The ratio of non-metal atoms to the number of atoms of two non-metallic oxides A and B are 0.33 and 0.25 respectively. Find the valencies of non-metals present in those non-metallic oxides.

Let's analyze the ratios given:

For oxide A, the ratio of non-metal atoms to the total number of atoms is 0.33, which can be expressed as 1/3. This means that for every 3 atoms in the oxide, 1 is a non-metal atom, and the remaining 2 are oxygen atoms (since it's an oxide). Therefore, the formula for oxide A can be represented as NM₂O₃ (where NM represents the non-metal). To balance the charges, the non-metal must have a valency of 6 (2 * 3 = 6, balancing the 6 negative charges from the three oxygen atoms with 2- charge each).

For oxide B, the ratio of non-metal atoms to the total number of atoms is 0.25, which is 1/4. This means that for every 4 atoms in the oxide, 1 is a non-metal atom, and the remaining 3 are oxygen atoms.
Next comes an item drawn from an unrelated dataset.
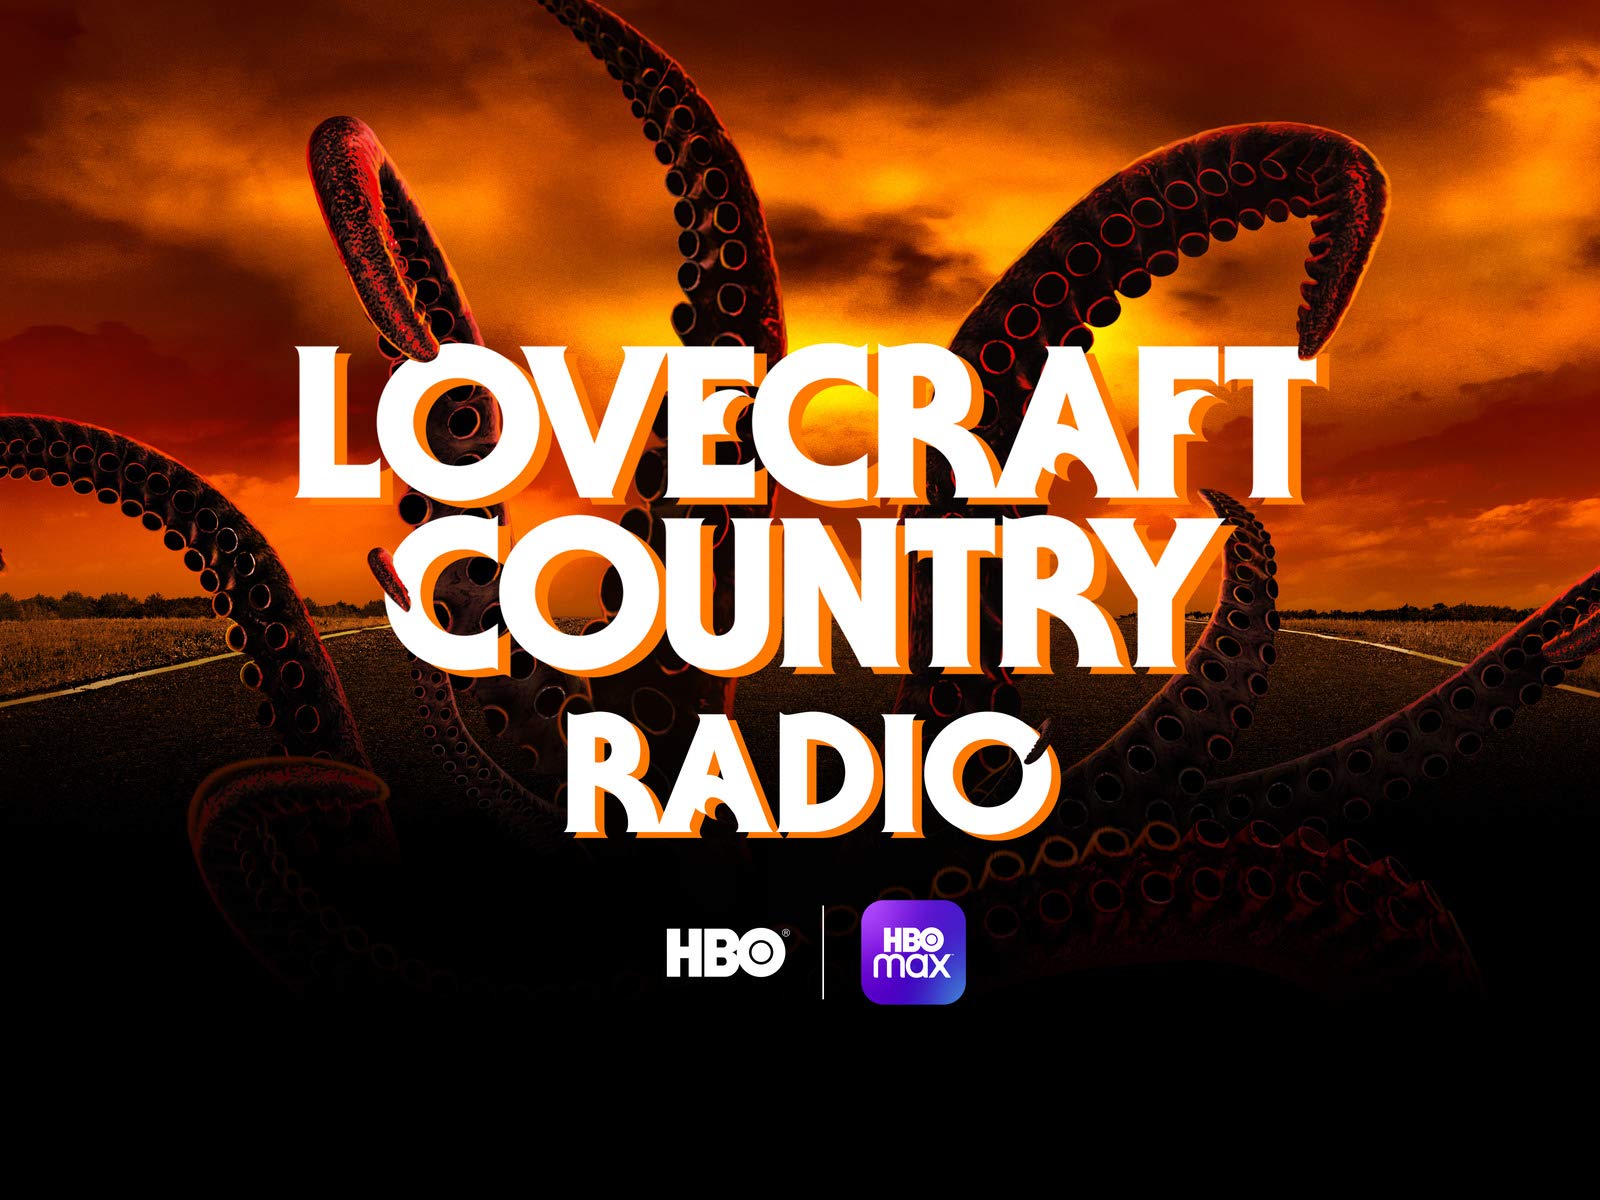 Large tentacles and an orange sky frame the tile, "Lovecraft Country Radio."

The formula for oxide B is therefore NM₂O₃. In this case to balance the charges, the non-metal must have a valency of 4 (1 * 4 = 4, balancing the 6 negative charges from the three oxygen atoms with 2- charge each).

Therefore, the valencies of the non-metals in oxides A and B are 6 and 4 respectively. The correct answer is 6 and 4.